Prerequisites
Before proceeding with the integration, ensure that Hive, HBase, and Spark environments are properly set up. If you haven't successfully configured these components, refer to the Hadoop+Spark+Zookeeper+HBase+Hive cluster setup guide.
Hive Integration with HBase
The integration between Hive and HBase is achieved through API communication, facilitated by the
hive-hbase-handler-*.jar utility located in Hive's lib directory. To complete the integration, copy this JAR file to the HBase/lib directory:
cp hive-hbase-handler-*.jar /opt/hbase/hbase1.2/lib
Note: If version conflicts arise during Hive-HBase integration, prioritize the HBase version by replacing the corresponding JAR files in Hive with those from HBase.
For detailed testing procedures between Hive and HBase, refer to the "Hive Integration with HBase: A Step-by-Step Guide" article.
Hive Integration with Spark
Hive's integration with Spark involves using pre-compiled JAR packages. A critical consideration is version compatibility - specific Spark and Hive versions must be used together. After researching compatible versions, we can proceed with the integration.
Hive Configuration Changes
Navigate to the
hive/conf directory and edit the
hive-env.sh file to add Spark environment variables:
export SPARK_HOME=/opt/spark/spark1.6-hadoop2.4-hive
Next, edit the
hive-site.xml file and add the following configurations:
<property>
<name>hive.execution.engine</name>
<value>spark</value>
</property>
<property>
<name>spark.master</name>
<value>spark://master:7077</value>
</property>
<property>
<name>spark.home</name>
<value>/opt/spark/spark1.6-hadoop2.4-hive</value>
</property>
<property>
<name>spark.submit.deployMode</name>
<value>client</value>
</property>
<property>
<name>spark.serializer</name>
<value>org.apache.spark.serializer.KryoSerializer</value>
</property>
<property>
<name>spark.eventLog.enabled</name>
<value>true</value>
</property>
<property>
<name>spark.eventLog.dir</name>
<value>hdfs://master:9000/directory</value>
</property>
<property>
<name>spark.executor.memory</name>
<value>10G</value>
</property>
<property>
<name>spark.driver.memory</name>
<value>10G</value>
</property>
Configuration details:
-
hive.execution.engine: Specifies the default execution engine for Hive. Set to "spark". Alternatively, manually specify Spark in Hive shell with:
set hive.execution.engine=spark;
-
spark.master: Spark master node address
-
spark.home: Spark installation path
-
spark.submit.deployMode: Spark submission mode (client or cluster)
-
spark.serializer: Spark serialization method
-
spark.eventLog.enabled: Enable Spark event logging
-
spark.eventLog.dir: Directory for Spark logs (must be created in Hadoop)
-
spark.executor.memory: Memory allocated to each Spark executor
-
spark.driver.memory: Total memory for Spark driver
After successful configuration, enter the Hive shell and perform table join queries to verify Spark engine usage.

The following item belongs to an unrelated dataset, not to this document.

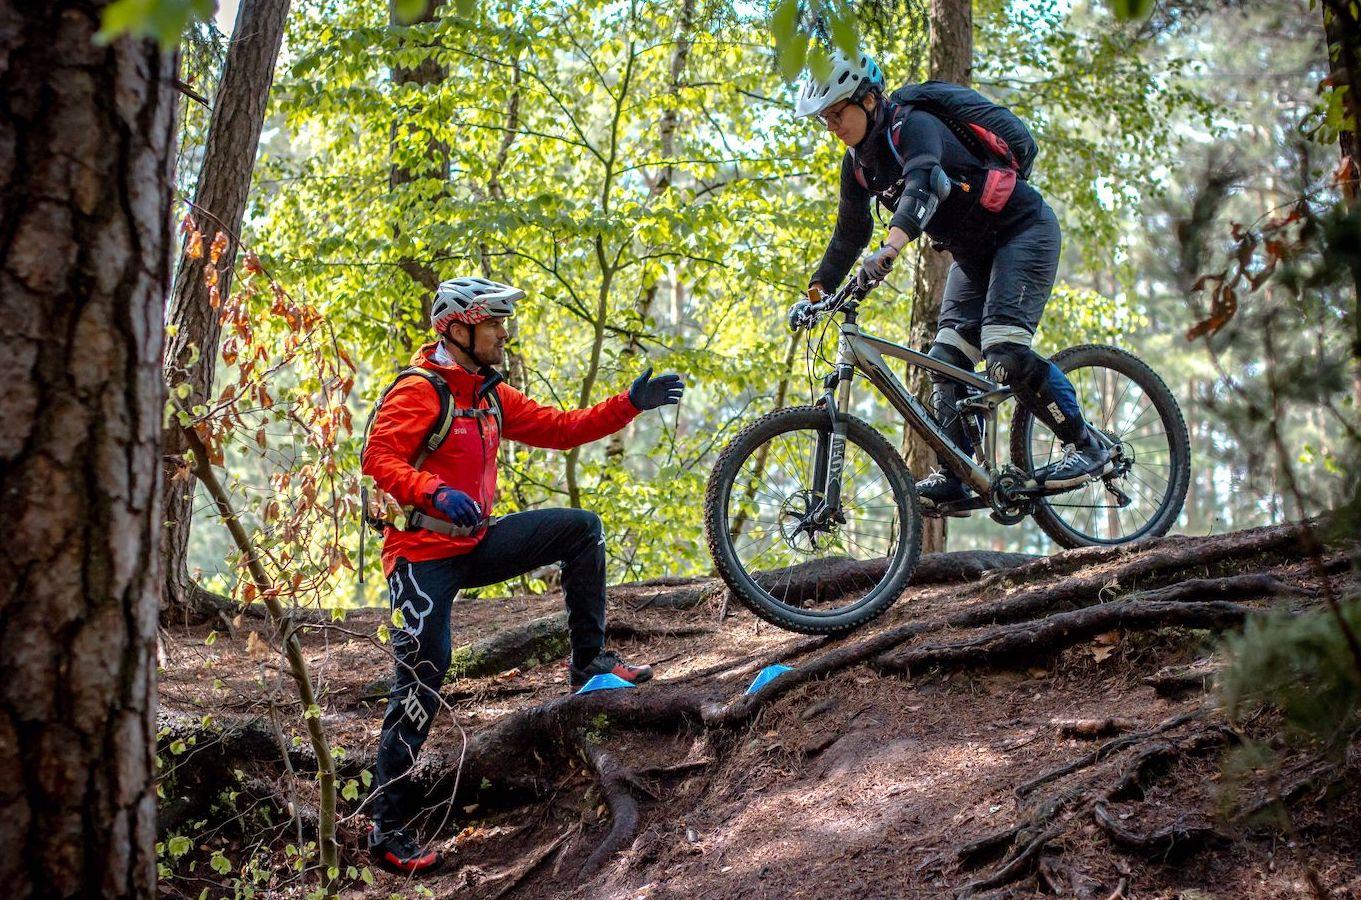 MTB Fahrtechnik Kurs Fortgeschrittene in Moers - Mountainbike Fortgeschritten - Rock my Trail Bikeschule - 5

Testing Hive on HBase with Spark Engine
After successful integration and creation of two external Hive tables linked to HBase, conduct performance testing with data queries.
Table creation scripts:
create table t_student(id int,name string) stored by 'org.apache.hadoop.hive.hbase.HBaseStorageHandler' with serdeproperties("hbase.columns.mapping"=":key,st1:name") tblproperties("hbase.table.name"="t_student","hbase.mapred.output.outputtable" = "t_student");
create table t_student_info(id int,age int,sex string) stored by 'org.apache.hadoop.hive.hbase.HBaseStorageHandler' with serdeproperties("hbase.columns.mapping"=":key,st1:age,st1:sex") tblproperties("hbase.table.name"="t_student_info","hbase.mapred.output.outputtable" = "t_student_info");
Insert 1 million records into both tables for testing. In this example, data was inserted directly into HBase using the HBase API.

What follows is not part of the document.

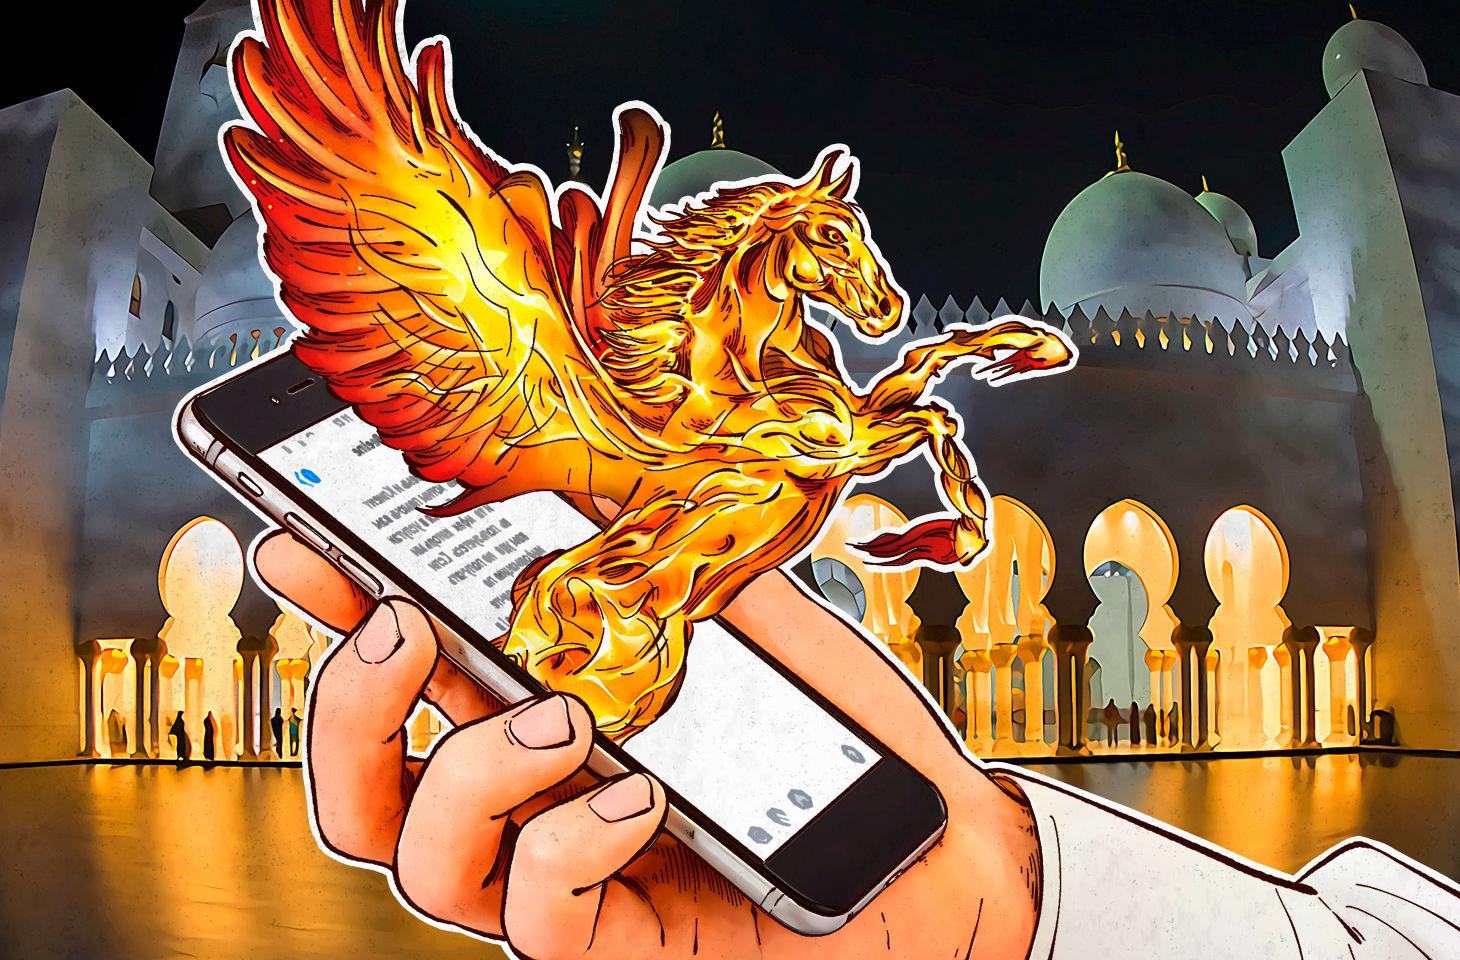 Pegaus, Apple ha rimosso gli exploit abusati dal controverso spyware

Once data is inserted, test query performance in the Hive shell:
Record Count Test:
Primary Key Query Test:
Non-Primary Key Query Test:
Note: You can also use Hive's JDBC API with the following driver:
Class.forName("org.apache.hive.jdbc.HiveDriver");
Conclusion: Testing with Hive on Spark shows that when querying by primary key (HBase rowkey), retrieving 1 million records takes approximately 2.3 seconds (with Spark initialization consuming about 2 seconds). However, non-primary key queries demonstrate significantly slower performance. Therefore, when using Hive on HBase, prioritize rowkey-based queries for optimal performance.